“No Loophole”

Pastor Don Mossman / Text: Mark 7:1-13   Theme: No Loopholes

Introduction

Have you ever been in a circumstance where you were confronted by a rule you disagreed with and you tried to find a loophole?  There are books published and on-line classes on how to find loopholes, primarily on taxes and real estate.  EG: Instructor on 1st day at law school.  “This is a class on loopholes.”  Then there are the politicians who amaze me finding loopholes each day, like Rudy Giuliano has said, “Well, it depends on how you look upon “truth.  It may mean one thing to one person, and another to a different person.”  Loopholes

1. Our text reveals clash of law and gospel

2. An intense happening between the Pharisees and scribes and Jesus.

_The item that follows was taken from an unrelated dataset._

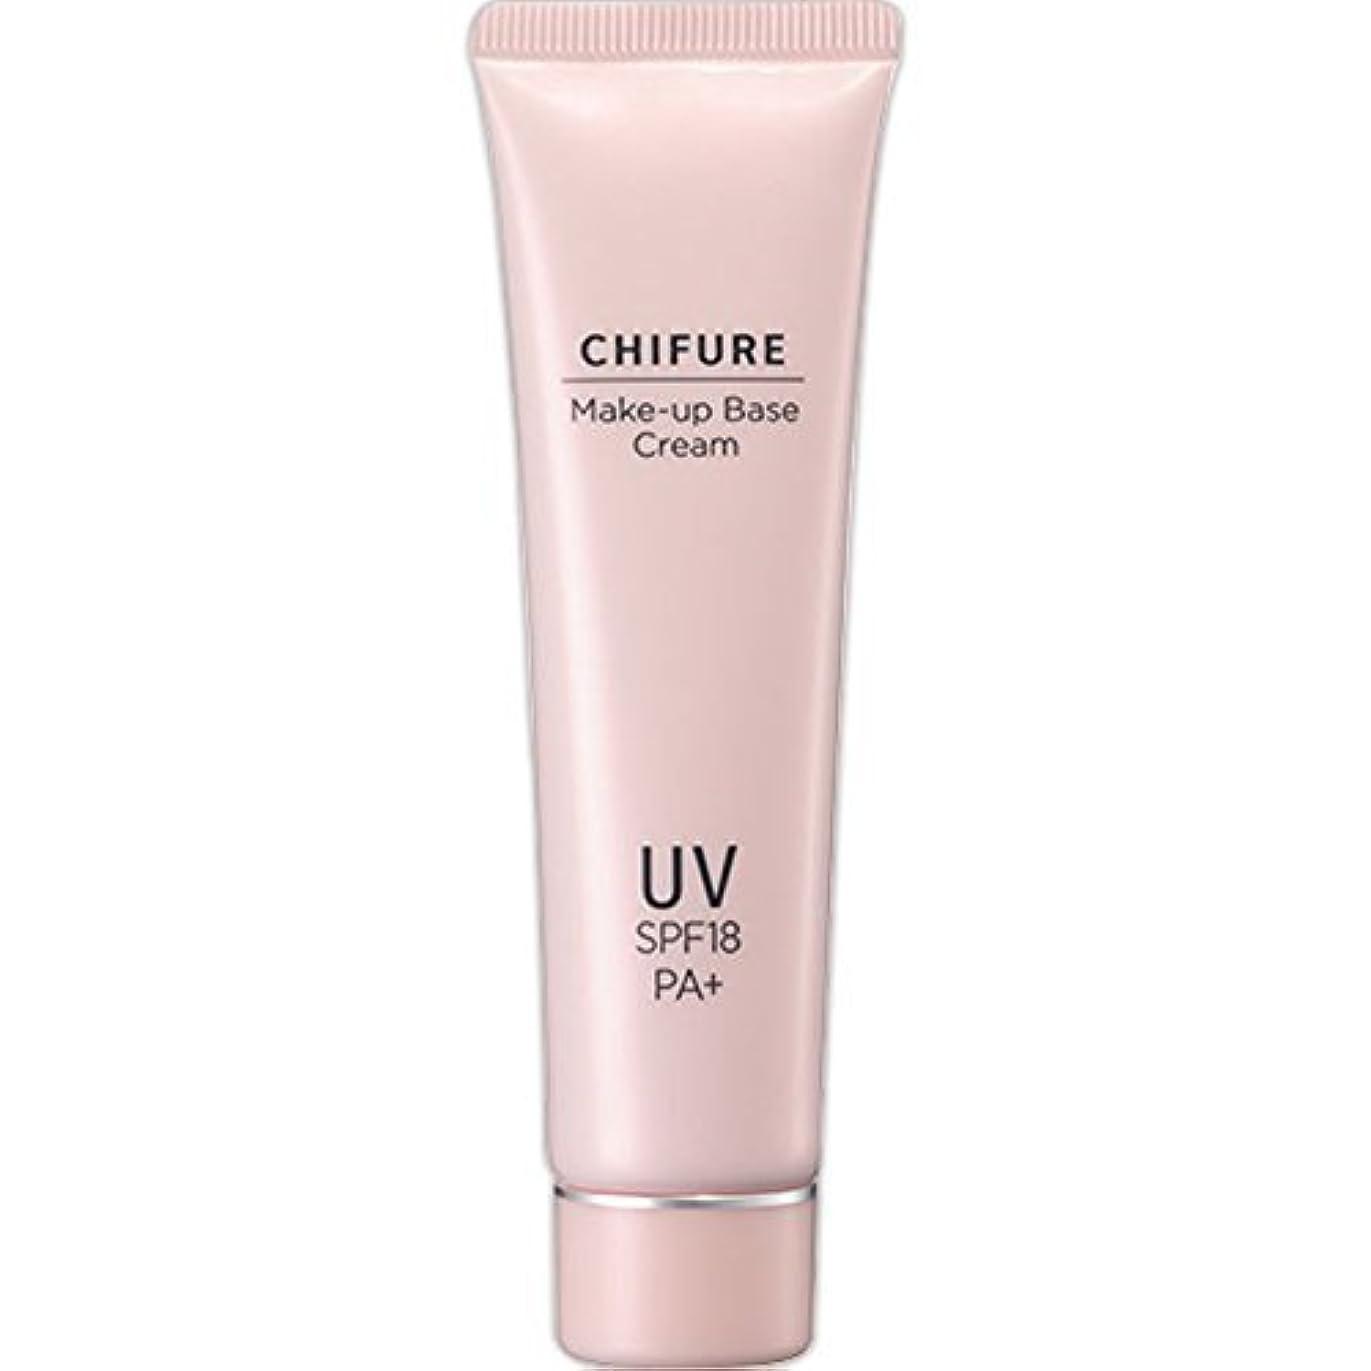 砂技術者実用的ちふれ化粧品 メーキャップ ベース クリーム UV MベースクリームUV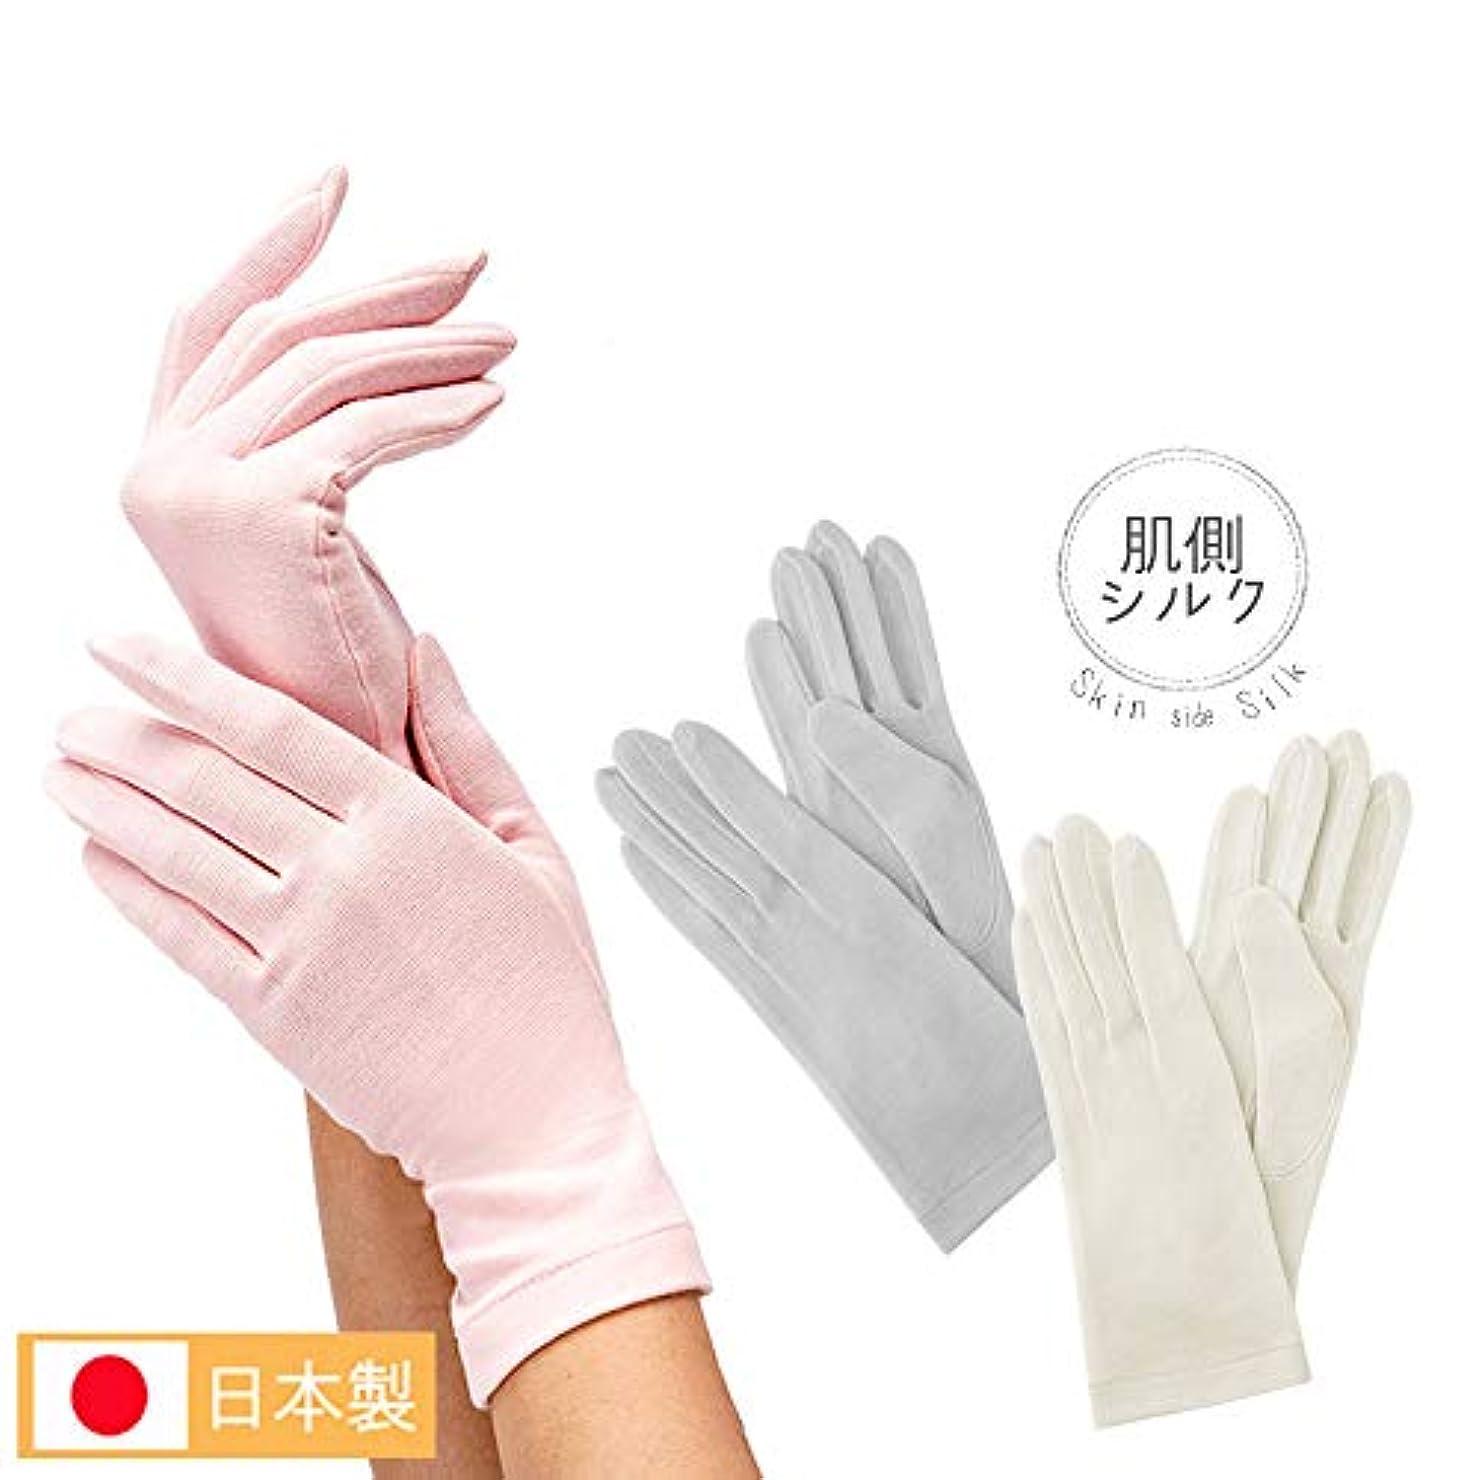 たくさんレザー火山学G12-0071_IV 就寝用 裏シルクうるおい手袋 あったか 薄い 手荒れ ハンドケア 保湿 レディース 女性 おやすみ 寝るとき 日本製 アイボリー

  1. They are looking for evidence to finally arrest Jesus. So they challenge Jesus regarding his disciples and ritual washing before eating.  This wasn’t a  hygienic thing, but a ritual washing according to the centuries old traditions established by Jewish scholars over the centuries.  The reason for these traditions were to build fences around God’s law, thus protecting it from abuse.
  2. The Pharisees asked why the disciples did not was their hands according to the ritualistic tradition of the elders. In answer to the Pharisees’ question, Jesus says, “You have a fine way of rejecting the commandments of God in order to establish your tradition.” (Mark 7:6-9).  He cites their use of “Corbin.” (Mark 7:11)  If something was “Corbin,” it was dedicated and set apart for God’s use.  Moses had instructed God’s people to “honor their father and mother”, but the Pharisees as much as negated this command by teaching that Jews could give money to the temple in lieu of helping their parents in need.
  3.  Jesus calls such people hypocrites. That’s not even in the Scriptures!  Your laws, your traditions, your loopholes ignore the written Law of God, the will of God, and are sins.  The conflict, and that’s what it had become, was between the laws of Judaism and the example of the love of God as seen in the promise and plan of salvation by grace and faith alone through the Christ.

2.  An example of love and commitment.

A. The example of marriage highlights God’s love.

  1. Truth is, there are too many of God’s people this morning who have difficulty with this Ephesians 5 reference. The use of the word “submit” will offend some women and therefore be unable to hear the rest of the text.  EG: Student and I were discussing their forthcoming marriage.  She asked if these vows were really serious.  Did she really have to “submit” to her husband?
  2. The word “submit” has taken on negative connotations in this era. In an age of the “Me too” movements, we need to be careful how we use the terms “submit” and “love”, for our culture has turned these words to an individualistic meaning, and often in the negative.  Once married, do men or women ignore these vows to love, honor and cherish?  Loopholes: “It wasn’t my fault”, or “he/she made me do it” or “I just fell out of love.  Even our society has encouraged loopholes here, such as “no-fault divorce.”
  3. What is being expressed here is part of the mutual submission of the Christian to one’s spouse. For a husbands’ role, Paul uses the word love.  A husband is to love his wife as Christ loved the church, and that involved dying for it on a cross, a far more radical form of submission.  Husbands are expected to love their wives to the point where they would die for her, even as the Bridegroom Jesus died for his bride the Church.  That’s heavy.  True, but there are no loopholes here.  It is a message of love and commitment that we have been privileged to know and believe, a message of forgiveness and constant care.

EG: Imagine sitting down on a big couch with God and watching a really detailed movie of your whole life.  The sins are there and at each one God says, “I died for that,” “I forgave that, oh yes, I died for that also.”  But there are a lot of good things too, moments when the life of Christ shone in your life.  When those show up, God says, “I saw that, that was great.”  “Oh, yes, you came through that time.  Well done.” 

Conclusion

We all have traditions.  Think Christmas: when to open gifts, special foods, Christmas Eve worship.  And Easter: coloring Easter eggs, chocolate bunnies and peeps.  Some traditions are good, some are bad.  They are good if they guide and help us in our worship and life together as an expression of our lives lived in God’s grace.  They are bad if they twist God’s Word trying to make them a means of working out our salvation or declaring themselves equal to God’s Word.  Today’s text makes it crystal clear to the scribes and Pharisees, and to us.  Paul is saying God’s Word provides the only thing that is needed, the simple good news of the message, “For by grace you’ve been saved through faith.  And this is not your own doing; it is a gift of God.”